1977
At ten years old life is not half bad. It’s been a year and a half since my Grandfather died and I never think about the things he used to do to me anymore. As time goes by I’ll manage to block them out completely. Well almost anyway.
At ten years old, I am unaware that forgetting those things doesn’t make them go away. I don’t know yet how those things have set me up to be a perpetual victim of more and more abuse.
At ten years old, I am naive enough not to know that the death of my molester is not the closing of the door to the things that have been done to me, the things that made me sick and scared, no that door is not closed at all. It has been taken off its hinges. The doorway now sits wide open, waiting for perpetrator after perpetrator to walk through it.
At ten years old, I am blissfully unaware that this is just a reprieve and soon these carefree days will abruptly come to an end.
For the time being, I am enjoying my summer with my best friend. We spend our days riding double on her pink huffy, playing house in her basement and swimming in her above ground pool in our matching orange bathing suits with the little yellow ducks that I begged my mom to buy for us.
I have no idea what lies ahead or how bad it will get. Not even when her visiting teenage cousin sticks his hand down my bathing suit bottoms when he is tickling us causing me to feel dirty, embarrassed and ashamed, not even then, do I have any idea of what lies ahead.

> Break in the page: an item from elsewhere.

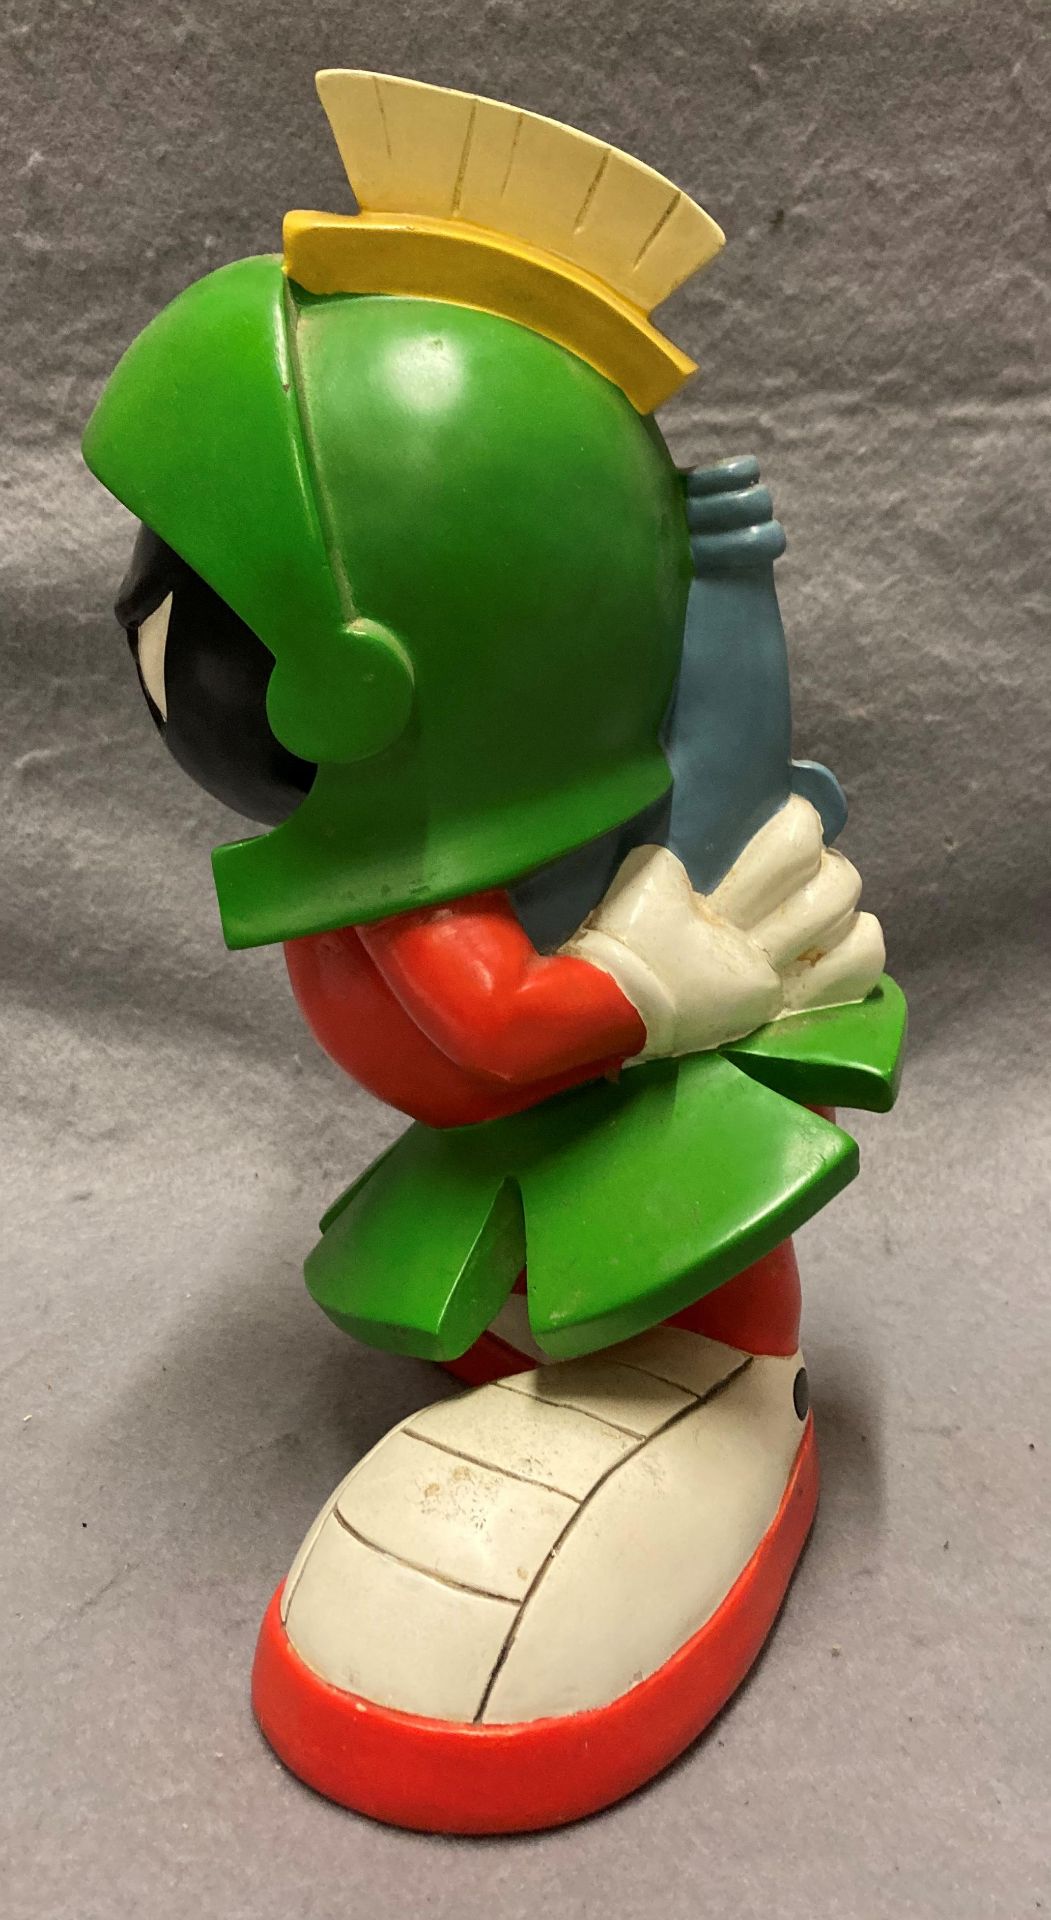 Warner Brothers model of Marvin the Martian, - Image 5 of 8

At first, the changes will be subtle. Sometime during the next year my mother will change her status from housewife to working woman. She will take a full time job in a warehouse working the overnight shift. She will work all night and sleep all day. What little supervision my brother and I have will become nonexistent.
She will hire a babysitter to watch us while she works. This babysitter will not be a mature, responsible adult that comes to our house to watch over us while we peacefully sleep in our own beds. It will be a drug addicted teenage mother that has a small apartment over a store. We will sit there in her small living room among her friends while they take turns going into the bathroom to shoot up. In the mornings she will remain passed out while we get ready for school and I will feed and dress her toddler daughter and leave her sitting in front of the TV when we leave.
At ten years old, I don’t know yet, that this is the first crack in the foundation of my life.